• _Data extracts_
[Start of section]

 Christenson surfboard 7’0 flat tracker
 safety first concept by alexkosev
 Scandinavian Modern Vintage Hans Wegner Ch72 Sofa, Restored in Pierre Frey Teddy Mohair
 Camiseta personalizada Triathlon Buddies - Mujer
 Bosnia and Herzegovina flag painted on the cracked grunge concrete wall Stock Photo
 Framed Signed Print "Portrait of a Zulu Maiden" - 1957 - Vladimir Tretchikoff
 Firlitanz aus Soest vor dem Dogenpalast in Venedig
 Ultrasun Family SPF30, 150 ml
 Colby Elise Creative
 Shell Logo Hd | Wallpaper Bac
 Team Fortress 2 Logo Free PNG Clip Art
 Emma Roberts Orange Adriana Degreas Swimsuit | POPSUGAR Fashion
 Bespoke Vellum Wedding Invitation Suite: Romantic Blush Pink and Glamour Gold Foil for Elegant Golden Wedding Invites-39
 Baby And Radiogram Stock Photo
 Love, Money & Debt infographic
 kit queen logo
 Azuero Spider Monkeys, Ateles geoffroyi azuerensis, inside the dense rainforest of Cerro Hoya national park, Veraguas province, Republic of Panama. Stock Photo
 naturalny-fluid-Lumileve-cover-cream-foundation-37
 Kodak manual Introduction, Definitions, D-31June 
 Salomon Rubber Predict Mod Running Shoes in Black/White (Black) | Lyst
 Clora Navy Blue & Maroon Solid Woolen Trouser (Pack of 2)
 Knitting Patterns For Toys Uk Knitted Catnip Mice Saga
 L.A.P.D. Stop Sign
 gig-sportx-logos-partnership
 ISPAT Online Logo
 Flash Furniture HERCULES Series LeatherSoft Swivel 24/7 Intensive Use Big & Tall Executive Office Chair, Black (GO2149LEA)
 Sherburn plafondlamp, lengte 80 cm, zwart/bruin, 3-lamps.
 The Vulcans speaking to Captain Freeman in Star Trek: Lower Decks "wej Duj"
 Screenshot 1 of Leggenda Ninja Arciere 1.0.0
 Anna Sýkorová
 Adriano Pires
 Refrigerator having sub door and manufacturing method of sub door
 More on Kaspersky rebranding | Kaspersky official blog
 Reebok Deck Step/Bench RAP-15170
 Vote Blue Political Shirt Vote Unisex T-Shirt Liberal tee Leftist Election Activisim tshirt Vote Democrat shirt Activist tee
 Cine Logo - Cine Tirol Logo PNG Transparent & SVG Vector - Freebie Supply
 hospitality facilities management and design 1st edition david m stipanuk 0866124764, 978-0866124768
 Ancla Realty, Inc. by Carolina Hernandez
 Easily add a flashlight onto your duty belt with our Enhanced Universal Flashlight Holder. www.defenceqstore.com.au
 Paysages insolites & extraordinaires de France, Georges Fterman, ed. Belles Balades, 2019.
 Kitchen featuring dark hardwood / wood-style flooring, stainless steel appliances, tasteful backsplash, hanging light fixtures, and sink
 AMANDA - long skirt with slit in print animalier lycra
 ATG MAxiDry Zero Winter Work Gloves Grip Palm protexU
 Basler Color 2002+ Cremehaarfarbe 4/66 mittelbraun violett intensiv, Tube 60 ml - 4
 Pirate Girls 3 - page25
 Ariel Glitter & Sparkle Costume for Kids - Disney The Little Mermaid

[End of section]

• _Prompt_
Reproduce every line above containing "with".

• _Answer below_
 Easily add a flashlight onto your duty belt with our Enhanced Universal Flashlight Holder. www.defenceqstore.com.au
 AMANDA - long skirt with slit in print animalier lycra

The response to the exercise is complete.